# shots of mosconi as200.4?



## gtsdohcvvtli

Has anybody or can somebody snap some detail photos of a Mosconi AS200.4 internals?

Thanks


----------



## trojan fan

Try sending an email to the manufacture....GL


----------



## GlasSman

trojan fan said:


> Try sending an email to the manufacture....GL


But this is the Amp Guts section.

I wouldn't hold my breath waiting for a manufacturer to take pics and send them.

I'm actually surprised no one has taken countless pics of these amps yet considering their popularity in the last year or so.


----------



## simplicityinsound

well one reason is that the AS, you dont just open up a bottom cover and get a peek at the guts, you have to unbolt a few things and slide the entire amp out out of the metal casing (the silver thing you see is a casing/heatsink), the amp itself, with its more integral heatsink, is contained within

you want to do this carefully or you may damage something...i dont think most people wanna do that for giggles on their expensive amp  i certainly dont unless i am painting the casing 

I did find this thread that had some info and a pic of a 100.4  page 2 for the pic of the internals.

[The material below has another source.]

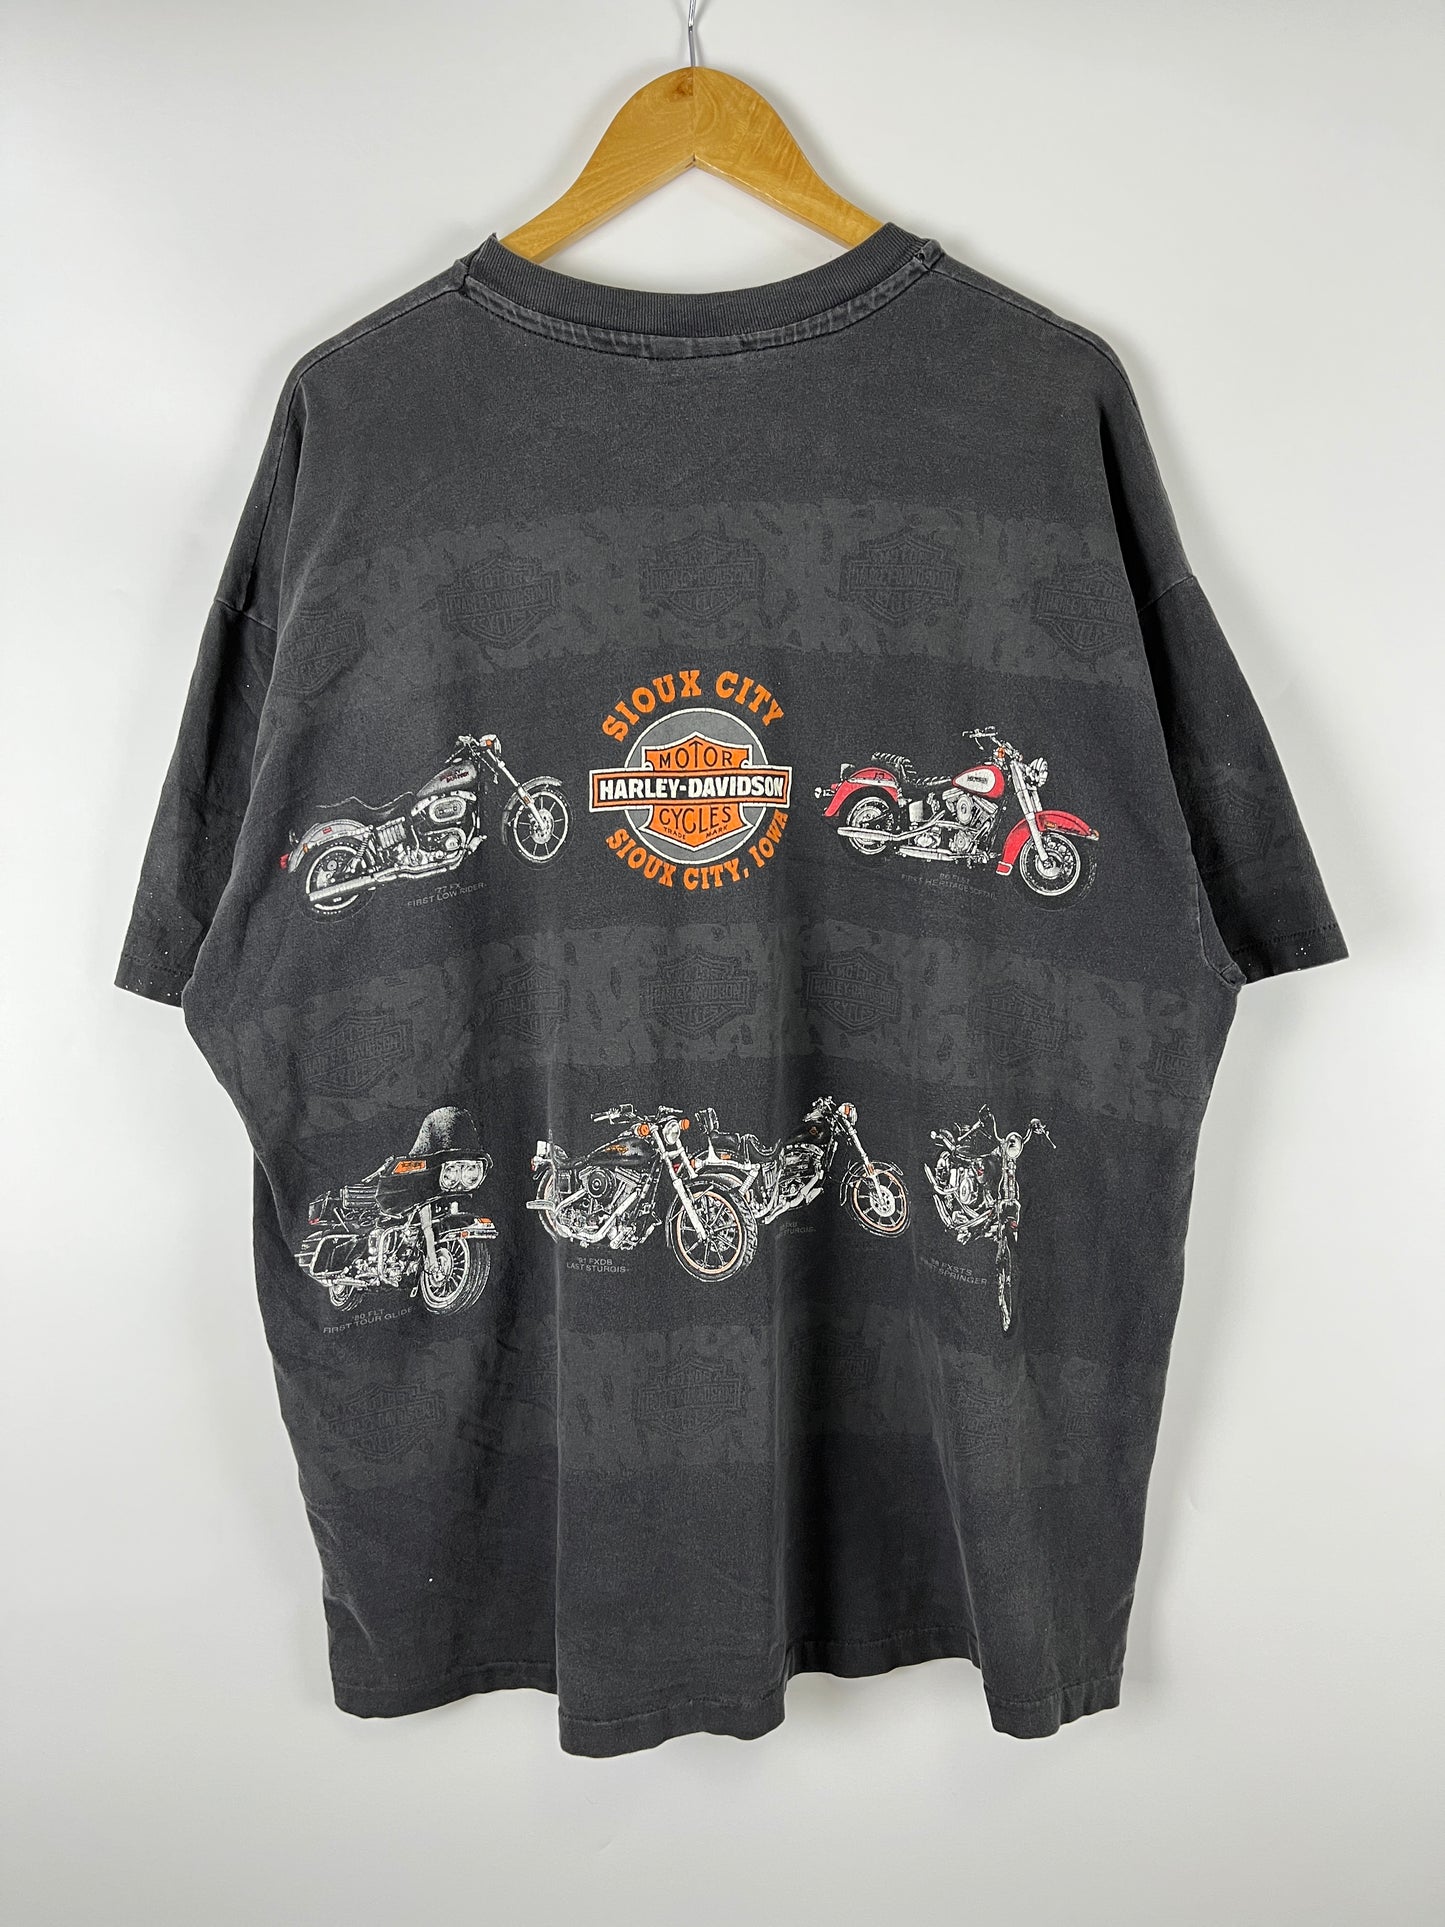 Vintage Harley Division 90's made in USA AOP T-shirt

Brand New Audio System Goodness! Yesss Please!! - General Car Audio - Talk Audio


----------



## gtsdohcvvtli

Actually they did send me some photo. They sent me about 20 hi res photos. What suprised me was the fact that each photo had a date taken tag the day after I sent the email. 

Here's one of the photo I posted in another section:

http://http://www.diymobileaudio.com/forum/general-car-audio-discussion/77887-mosconi-amps-6.html


----------



## simplicityinsound

i cant get the link you sent to work directly, but here is the pic you took


----------



## req

wow, hard to believe they sent you pics! impressive ;p


----------



## quickaudi07

Holy **** 3 fans to cool that sucker off!

Sent from my DROID BIONIC using Tapatalk 2


----------



## gtsdohcvvtli

If interested, when I get home, I can post up the rest.


----------



## simplicityinsound

yeah please do, make a separate thread and post what you have  

for what its worth, Orca has never been shy about showing me the goods on the mosconi amps, at CES or when i ask about specifics on the phone. a good sign in my book


----------



## [email protected]

quickaudi07 said:


> Holy **** 3 fans to cool that sucker off!
> 
> Sent from my DROID BIONIC using Tapatalk 2


Not much mass per inch compared to other amps sinks, they need the fans.


----------



## simplicityinsound

quickaudi07 said:


> Holy **** 3 fans to cool that sucker off!
> 
> Sent from my DROID BIONIC using Tapatalk 2


yeah, they are temprature controlled, so they come on when the amp reaches a certain temp.


----------



## GlasSman

gtsdohcvvtli said:


> If interested, when I get home, I can post up the rest.



Please do.


----------



## GlasSman

gtsdohcvvtli said:


> Actually they did send me some photo. They sent me about 20 hi res photos. What suprised me was the fact that each photo had a date taken tag the day after I sent the email.
> 
> Here's one of the photo I posted in another section:
> 
> http://http://www.diymobileaudio.com/forum/general-car-audio-discussion/77887-mosconi-amps-6.html



Thats very impressive that they took pics specifically per your request....and I gladly eat my words.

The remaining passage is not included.